§ **TASK STATEMENT**
The listing below should be printed again word for word, without any images.
===== GIVEN DATA =====
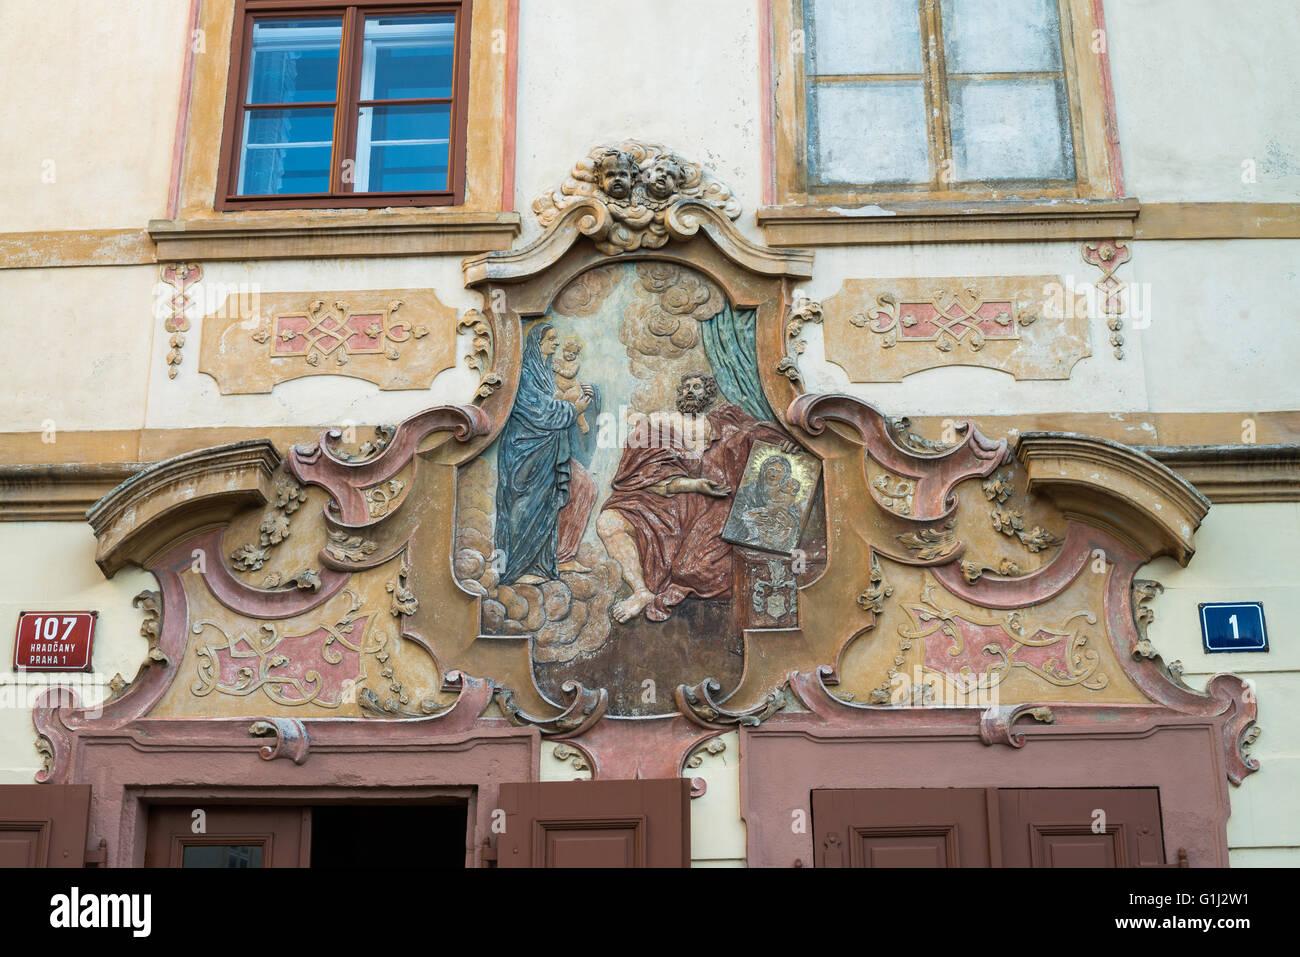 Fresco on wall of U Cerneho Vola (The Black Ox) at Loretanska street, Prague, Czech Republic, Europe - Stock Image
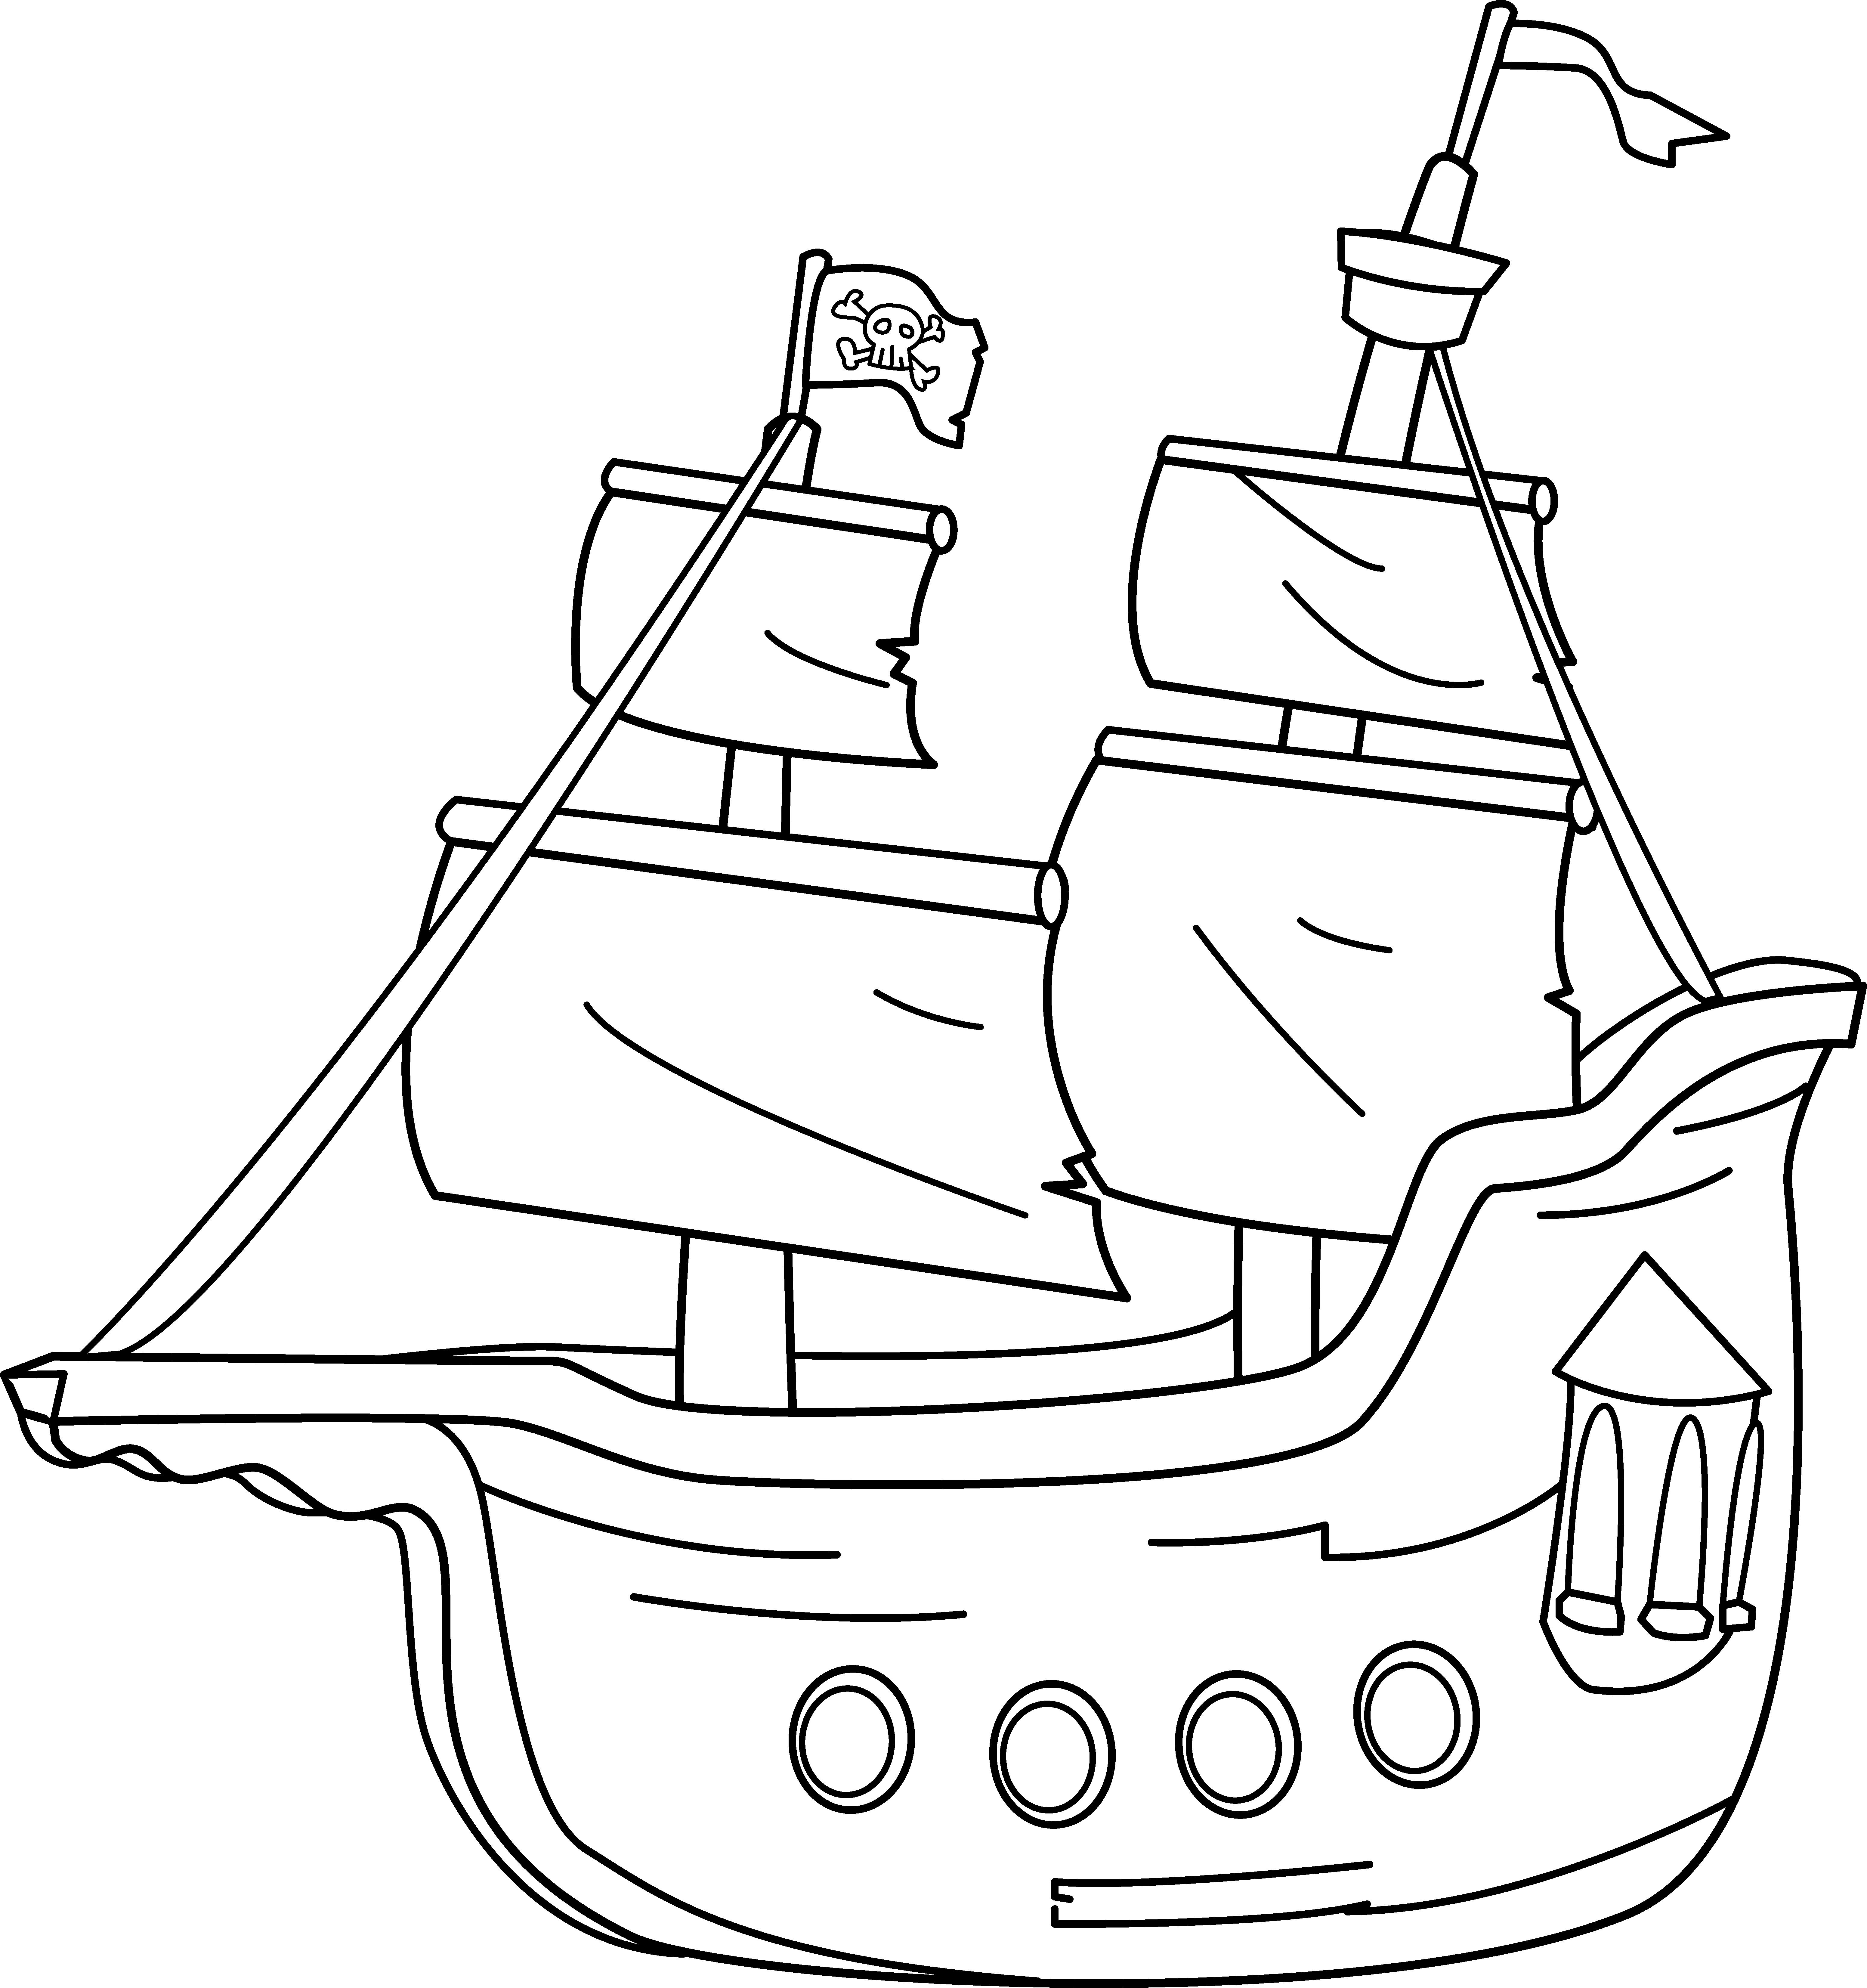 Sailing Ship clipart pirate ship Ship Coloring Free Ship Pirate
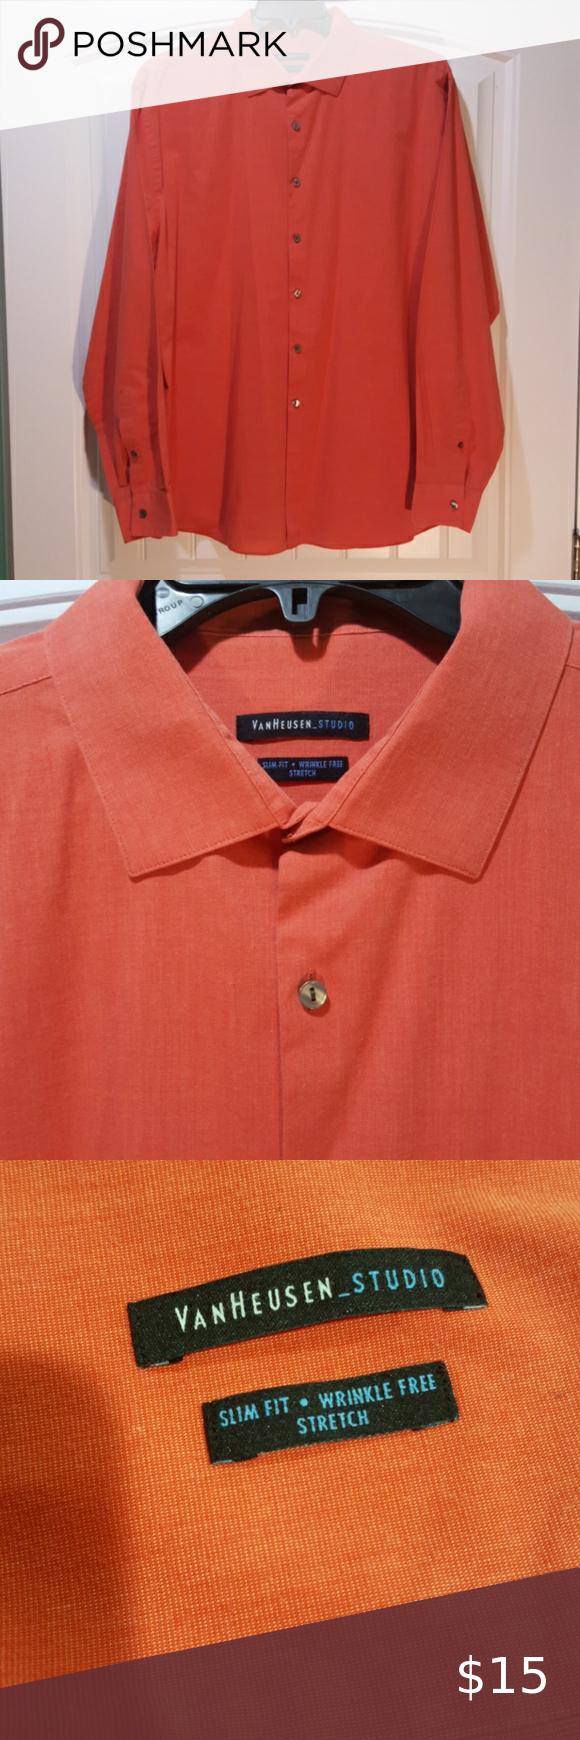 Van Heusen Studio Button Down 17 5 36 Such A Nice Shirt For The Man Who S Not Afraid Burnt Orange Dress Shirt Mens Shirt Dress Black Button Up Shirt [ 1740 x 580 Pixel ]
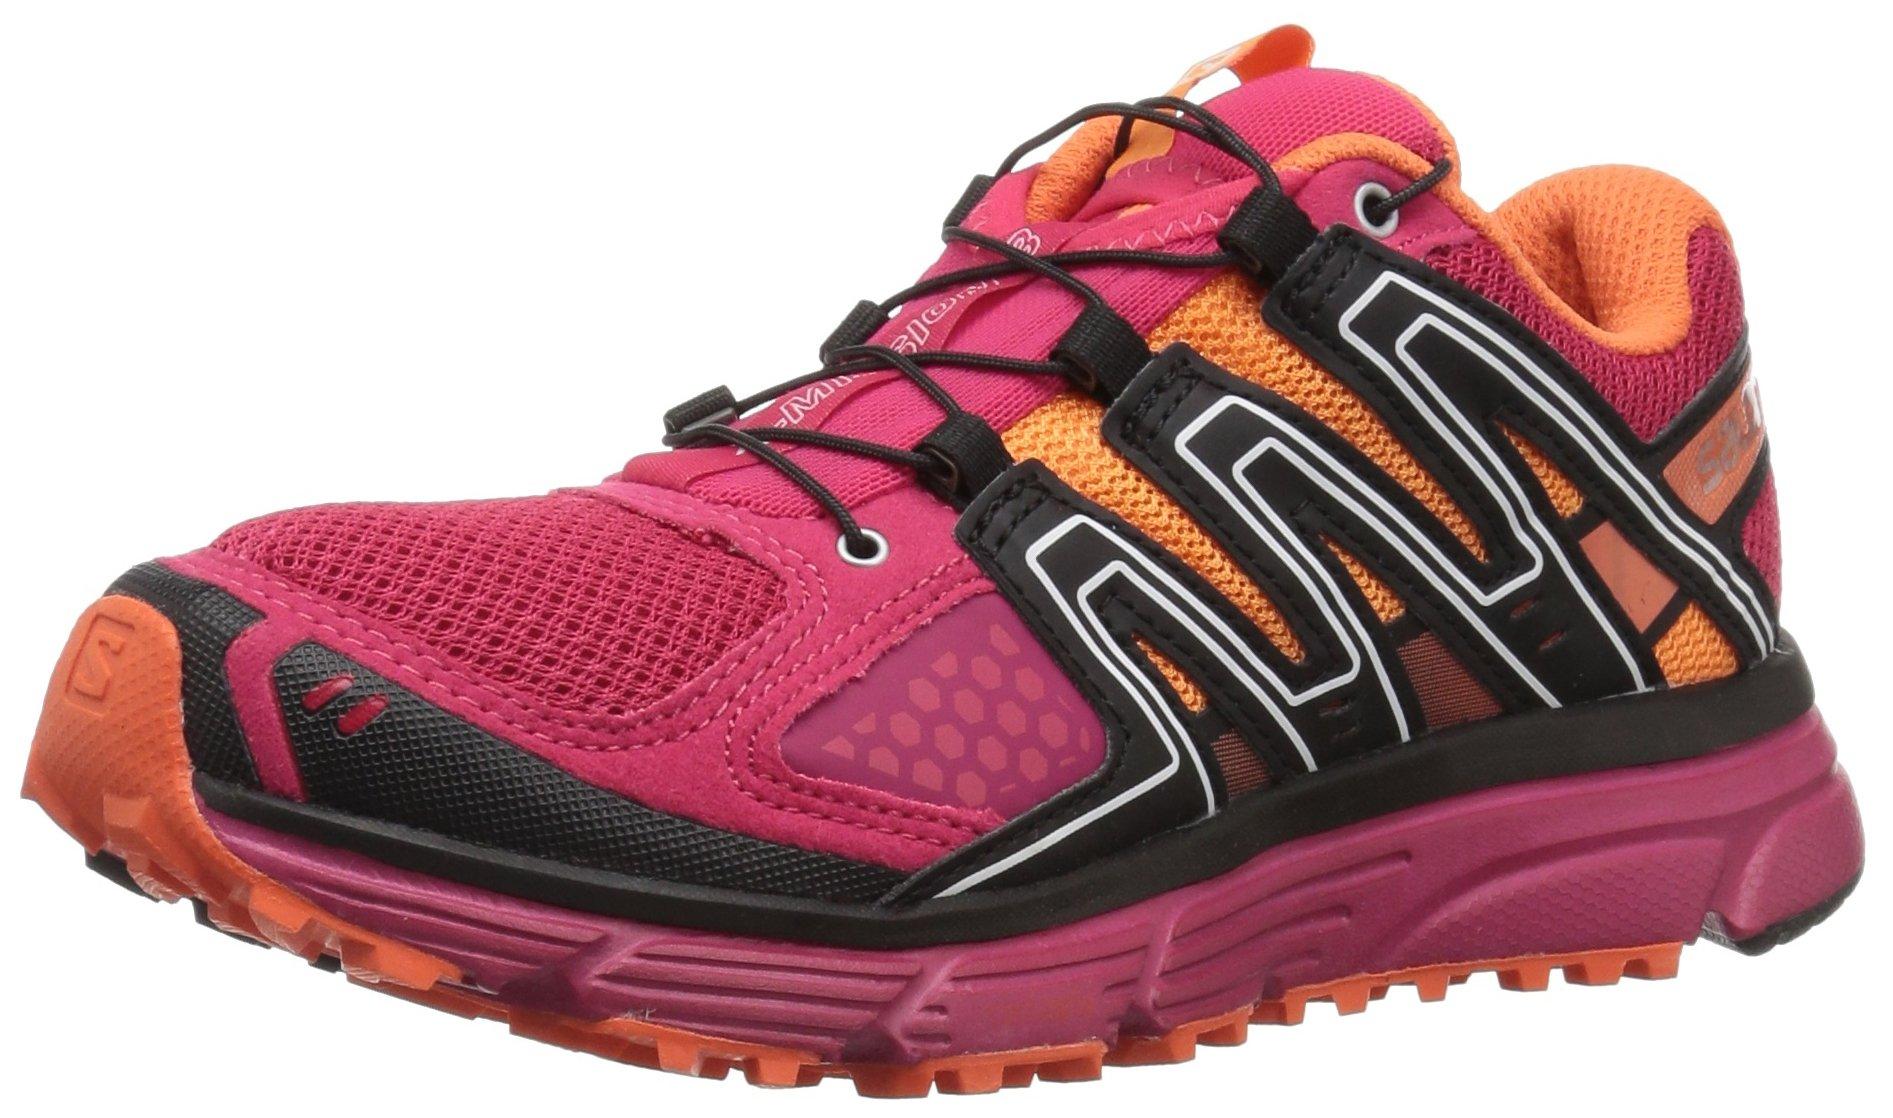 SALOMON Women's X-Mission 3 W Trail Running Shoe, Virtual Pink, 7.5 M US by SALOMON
=====
§ **ANSWER SPACE**
 Fresco on wall of U Cerneho Vola (The Black Ox) at Loretanska street, Prague, Czech Republic, Europe - Stock Image
 Sailing Ship clipart pirate ship Ship Coloring Free Ship Pirate
 Van Heusen Studio Button Down 17 5 36 Such A Nice Shirt For The Man Who S Not Afraid Burnt Orange Dress Shirt Mens Shirt Dress Black Button Up Shirt [ 1740 x 580 Pixel ]
 SALOMON Women's X-Mission 3 W Trail Running Shoe, Virtual Pink, 7.5 M US by SALOMON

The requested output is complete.